# [Aim of the task]
This calls for a word-for-word copy of all the data, with each picture removed.

# [Given material]
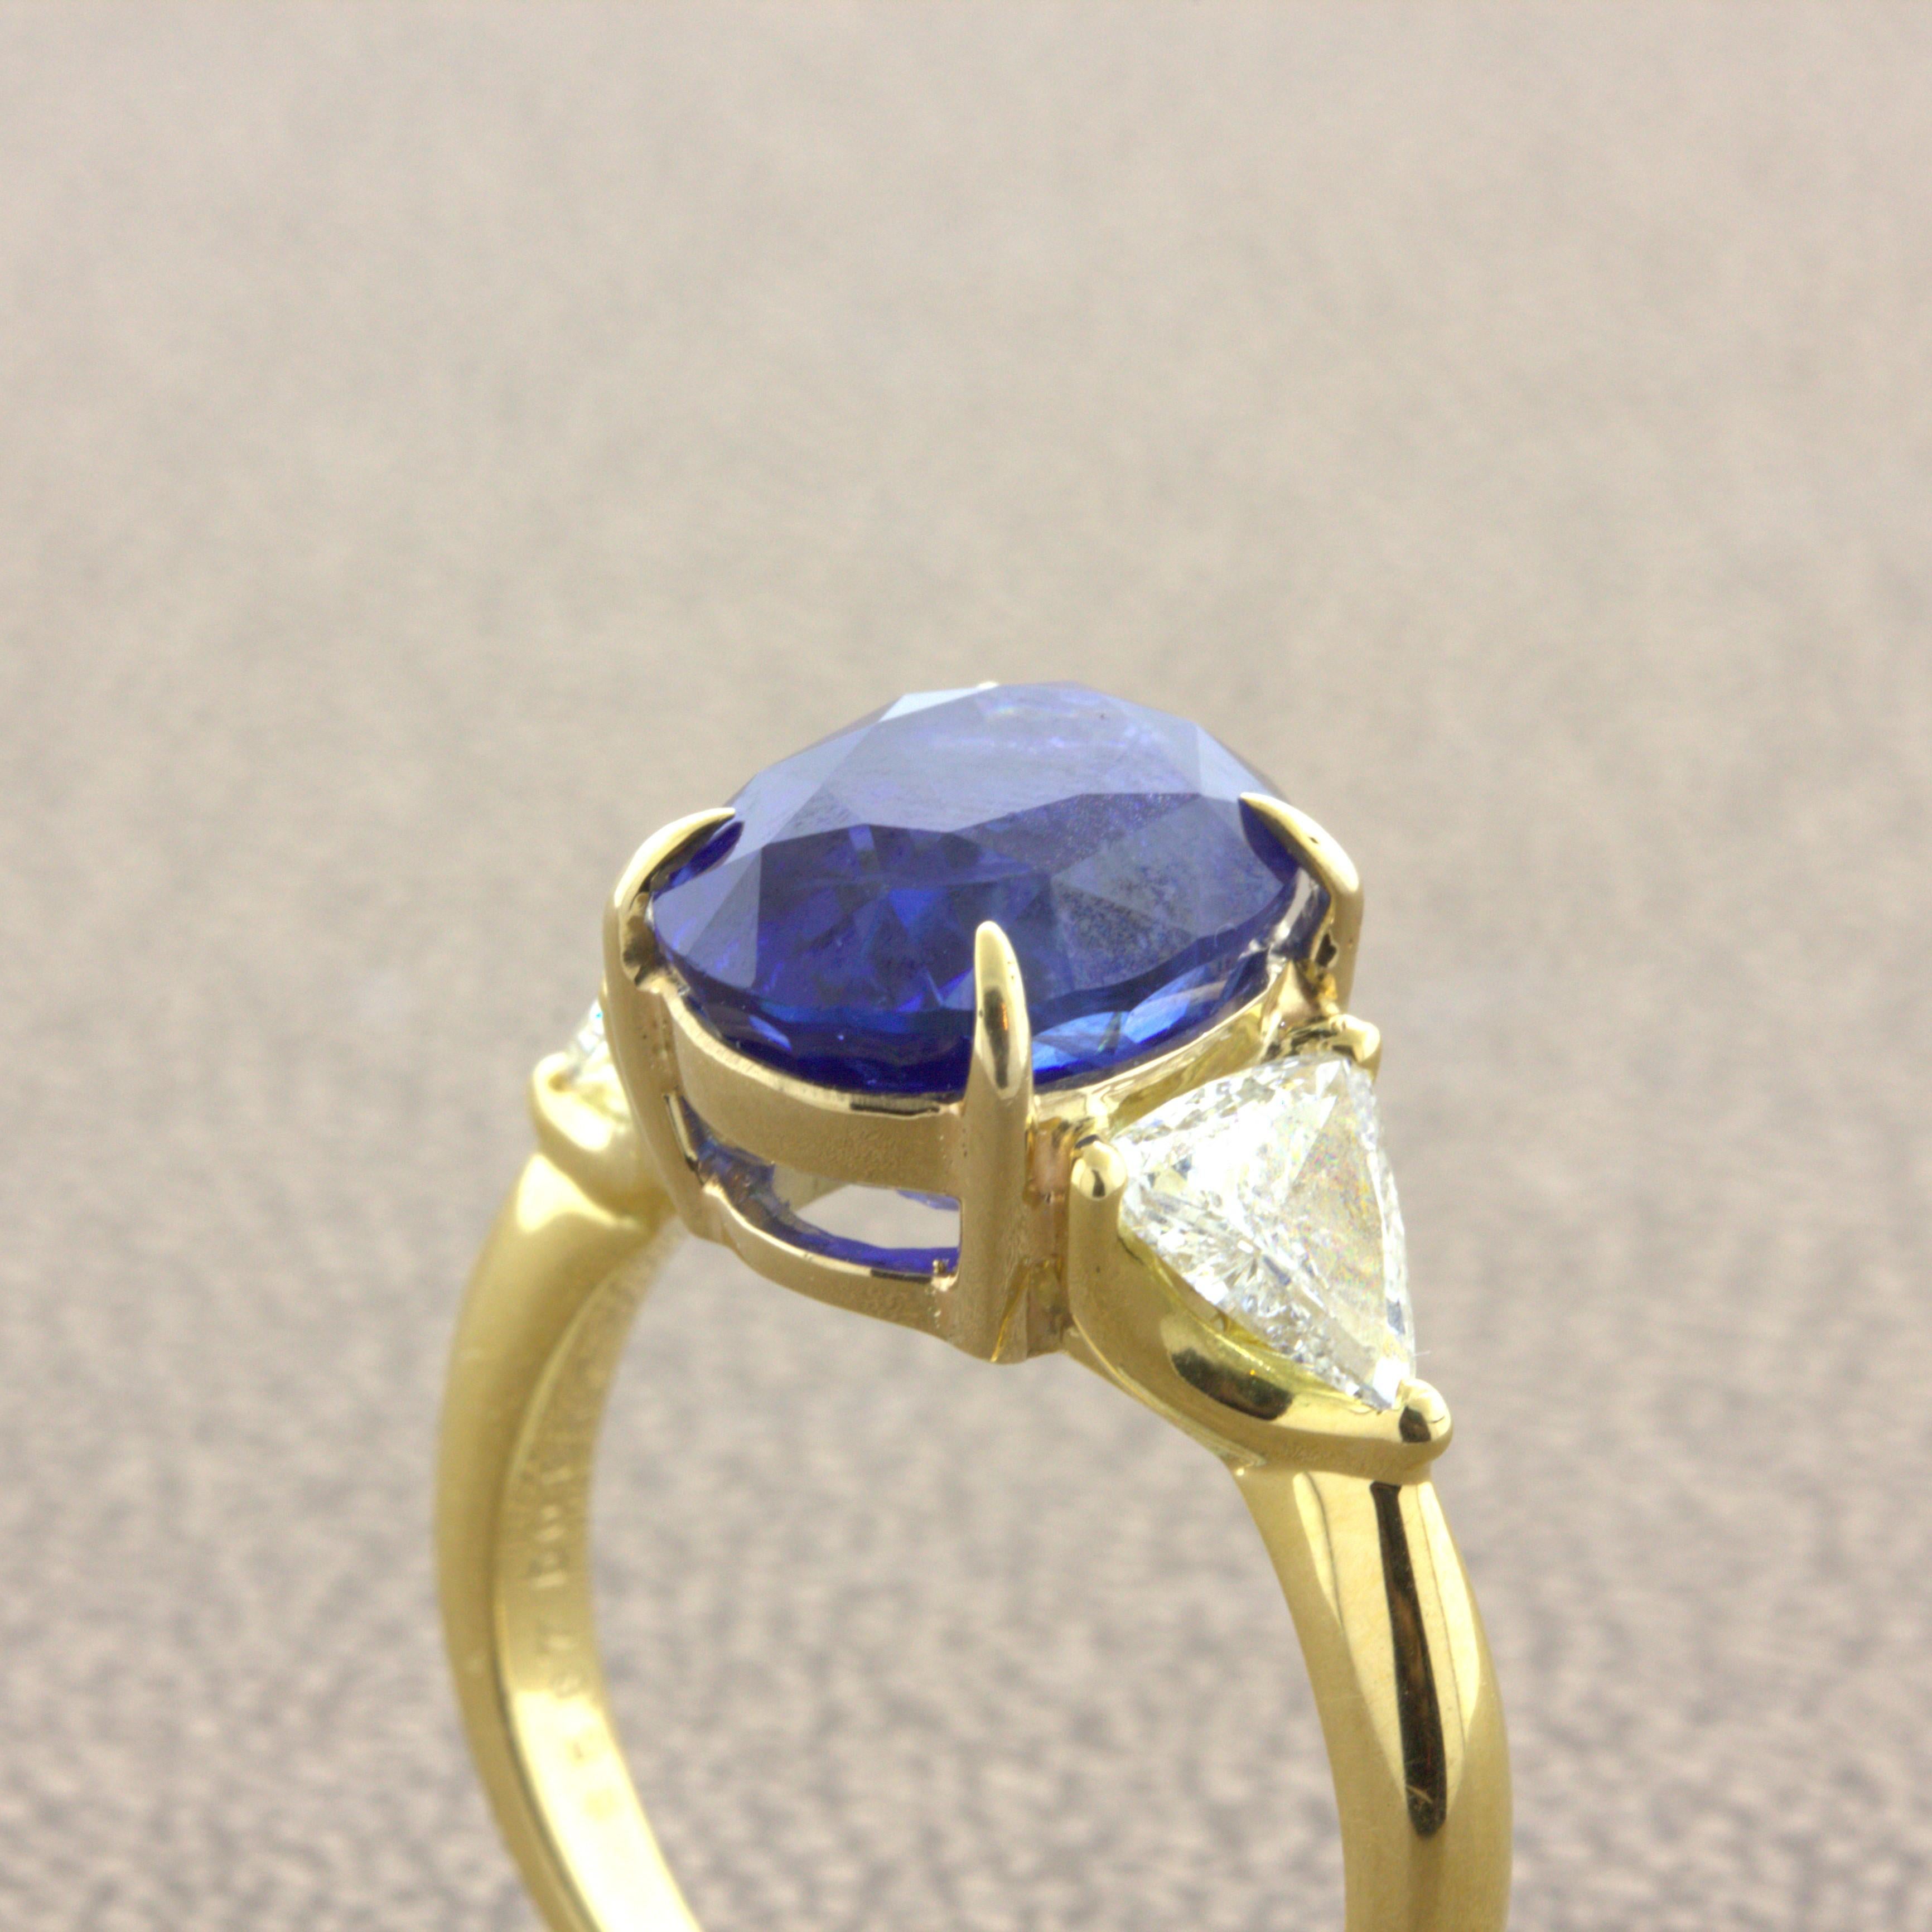 5.87 Carat Blue Sapphire Diamond 18k Yellow Gold 3-Stone Ring, GIA Certified For Sale 2
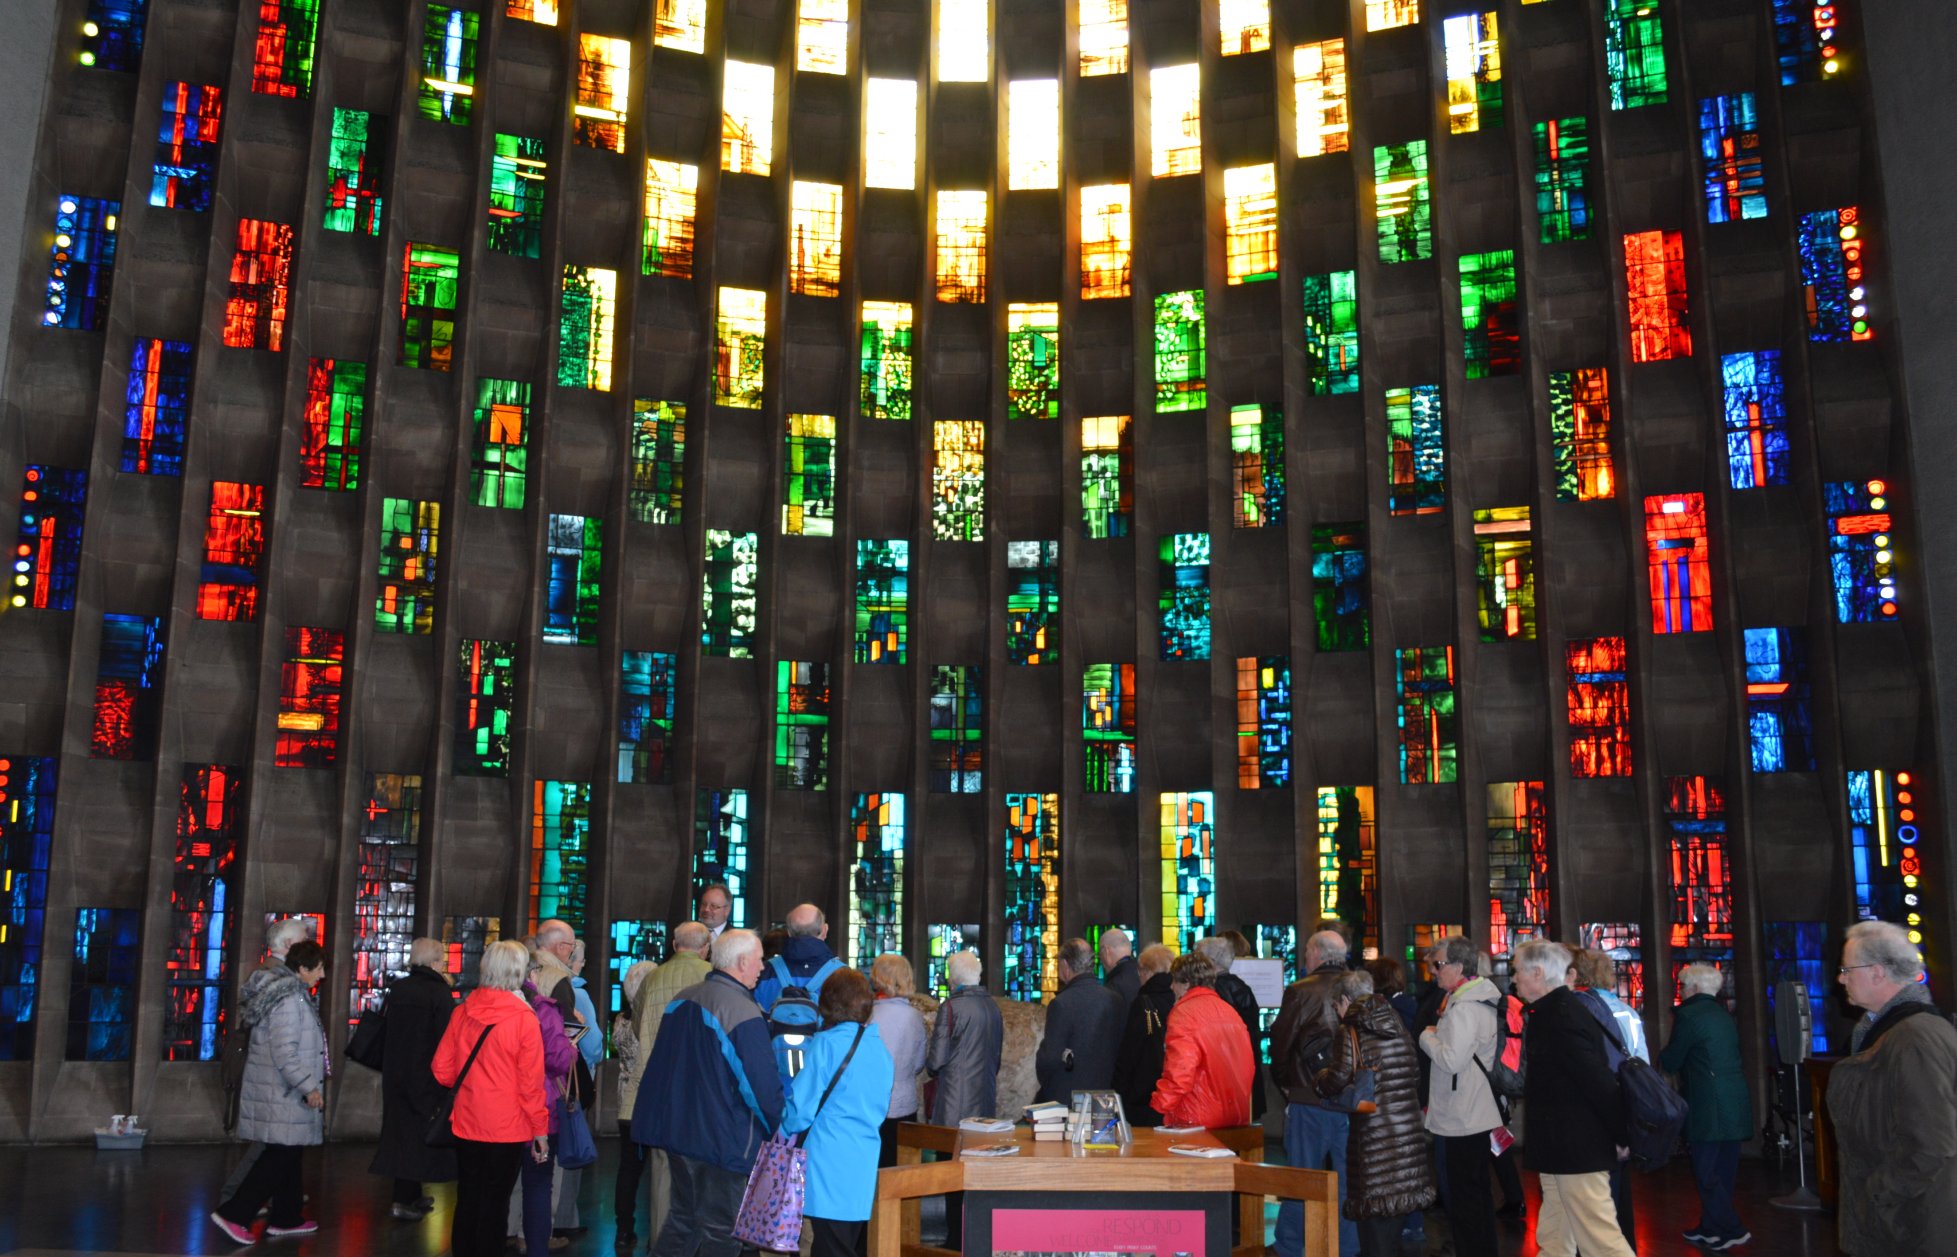 At Coventry Cathedral
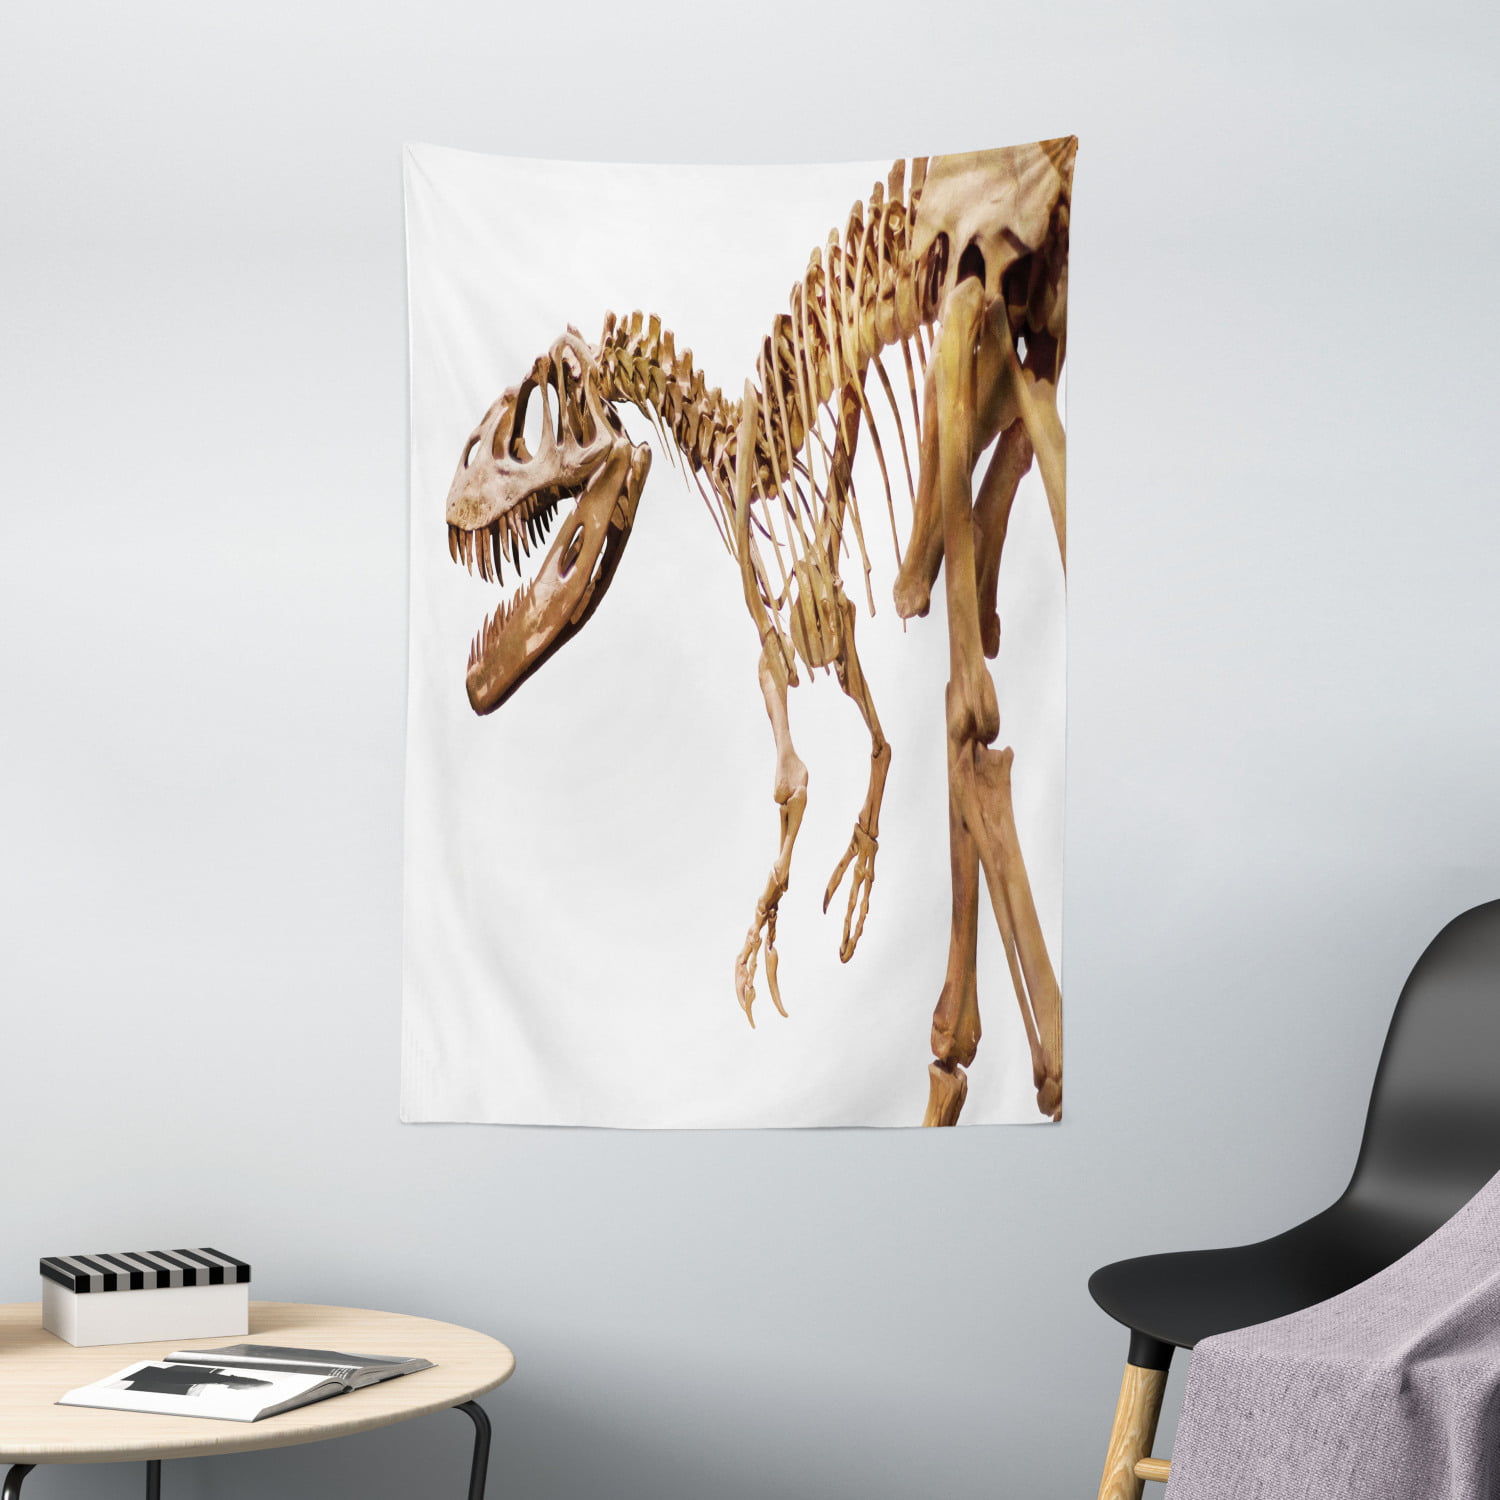 Dinosaur Tapestry, Archeology Museum Theme Wild Tyrannosaurus Rex Skeleton  Jurassic Period, Wall Hanging for Bedroom Living Room Dorm Decor, 40W X 60L  Inches, Light Caramel White, by Ambesonne 
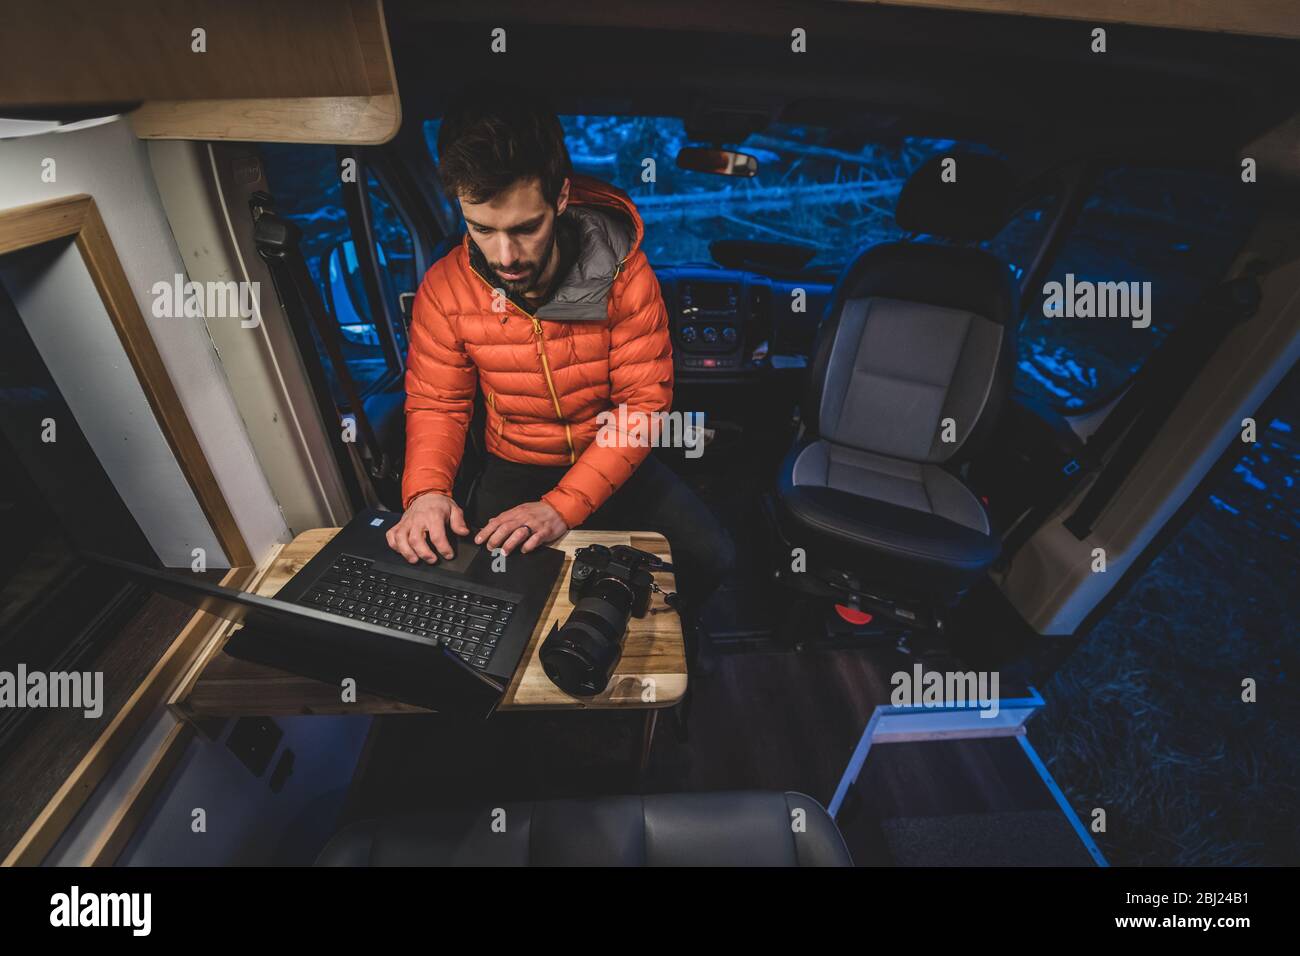 A man sitting at a wooden table in his campervan working on his laptop. Stock Photo

# [Task solution]
 5.87 Carat Blue Sapphire Diamond 18k Yellow Gold 3-Stone Ring, GIA Certified For Sale 2
 At Coventry Cathedral
 Dinosaur Tapestry, Archeology Museum Theme Wild Tyrannosaurus Rex Skeleton  Jurassic Period, Wall Hanging for Bedroom Living Room Dorm Decor, 40W X 60L  Inches, Light Caramel White, by Ambesonne 
 A man sitting at a wooden table in his campervan working on his laptop. Stock Photo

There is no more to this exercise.